Constipation natural remedies
Constipation Constipation or constipation is defined as the delayed emission of faeces in insufficient volume and / or increased consistency. Constipation may be present for short periods (occasional constipation) or for longer periods (chronic constipation). The disorder is characterized by: evacuation frequency less than three times a week, hard stools, expulsion effort and partial emptying sensation. Based on the causes we can distinguish:
- primitive or functional or idiopathic constipation: it originates from an inefficiency of physiological movements of the intestine (peristalsis) and ano-rectal expulsive mechanisms. These circumstances are often aggravated by incorrect living habits and in particular by a disordered diet and low-fiber foods, an insufficient introduction of liquids, hurried rhythms of life, a sedentary lifestyle and therefore characterized by reduced activity. physics, from nervous tension and from the abuse of tranquilizers and sleeping pills;
- iatrogenic constipation: if it depends on the intake of certain drugs (opioids, aluminum-based antacids, antidepressants, calcium antagonists);
- secondary constipation: if it depends on systemic or local organic causes. In this case this disorder is only a symptom resulting from the presence of some pathologies and the possible causes that can determine their appearance are varied: colon cancer, diverticulosis, inflammatory disorders of the intestine, gallstones, hypothyroidism, various gynecological disorders, neurological and psychic.

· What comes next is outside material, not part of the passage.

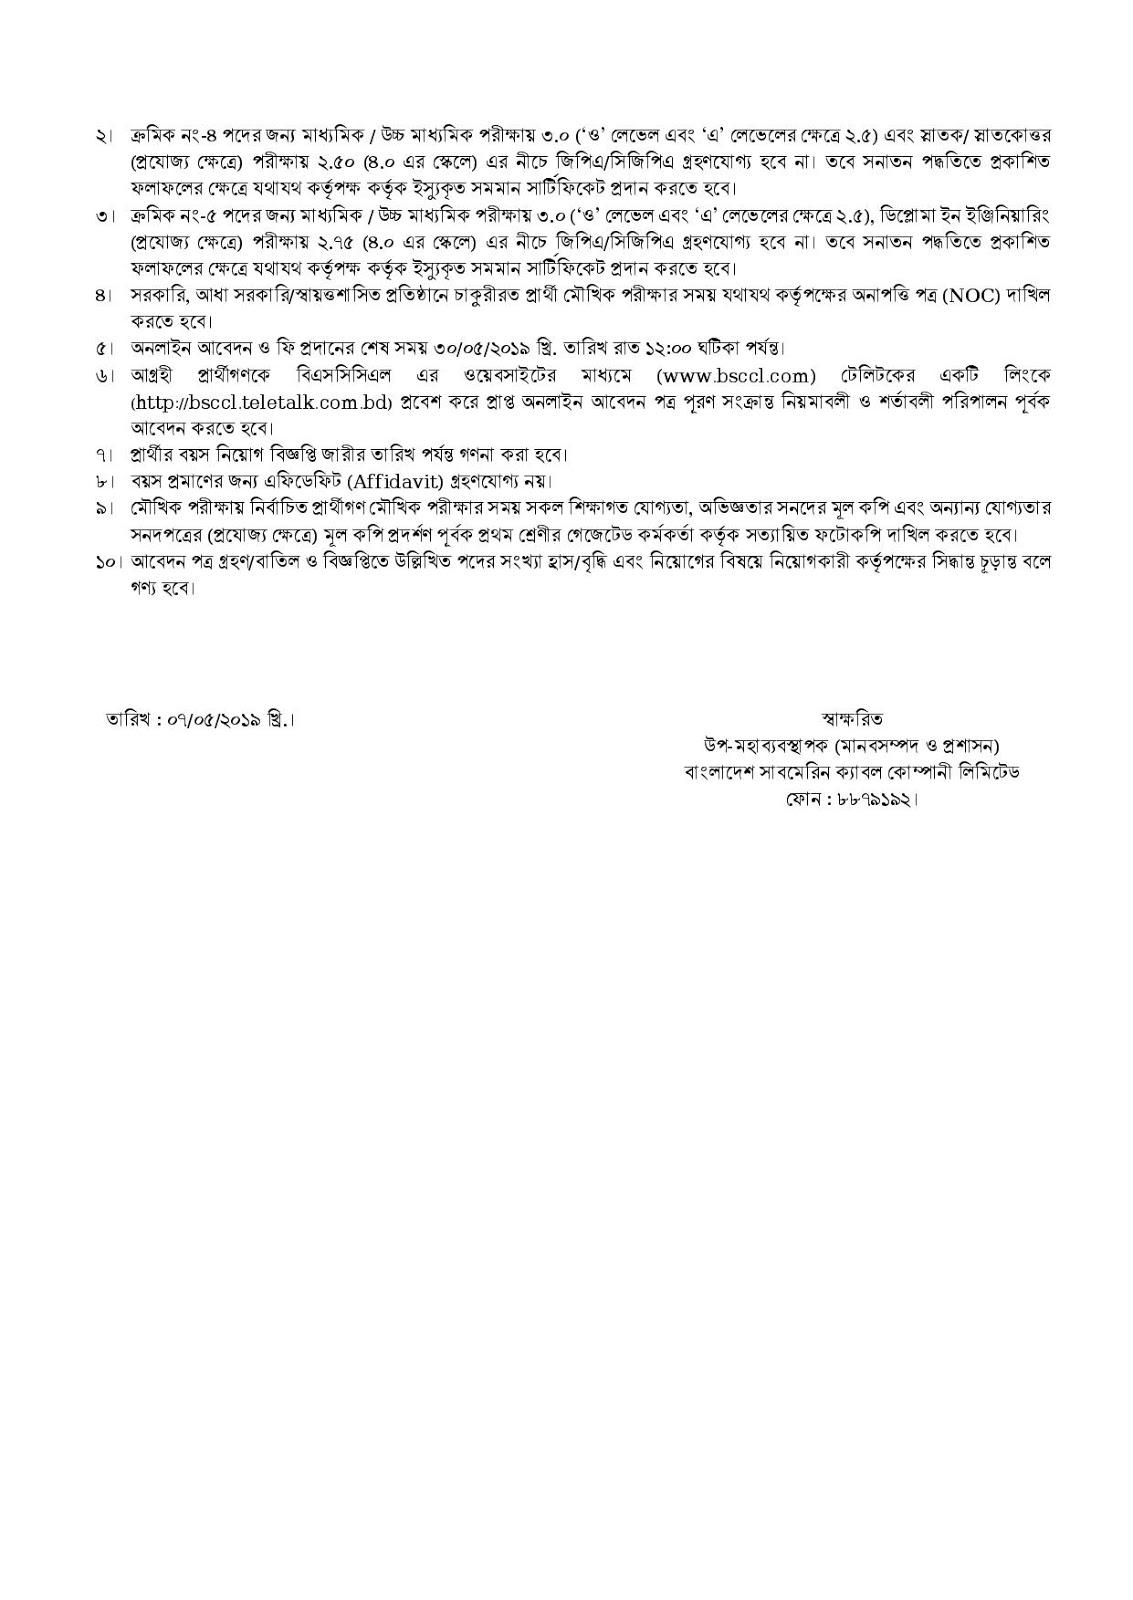 বাংলাদেশ সাবমেরিন ক্যাবল কোম্পানি লিমিটেড এর চাকরির নিয়োগ প্রকাশ

Among the solutions proposed to tackle the problem of primary constipation, laxatives containing anthraquinone substances are often used which, by irritating the enteric epithelium, increase intestinal motility. These solutions, very useful for solving contingent problems, are instead extremely harmful for prolonged use. Many situations of this type can be addressed and resolved by correcting wrong eating habits (by inserting fruit and fiber and drinking a lot of natural water), with physical activity, and by restoring the physiological intestinal function thanks to the use of specific dietary supplements.
In the case of secondary constipation or iatrogenic constipation, it is clear that it is necessary to proceed to a careful objective examination of the patient, to identify the organic cause of constipation, especially if it arose in a subject with regular alvo before then. In this case the use of the laxative is not only not useful, because it does not remove the determinant disease (for example the constipation reflected by peptic ulcer), but even harmful because it can delay the diagnosis of the basic disease (eg obstinate constipation from sigmoid cancer).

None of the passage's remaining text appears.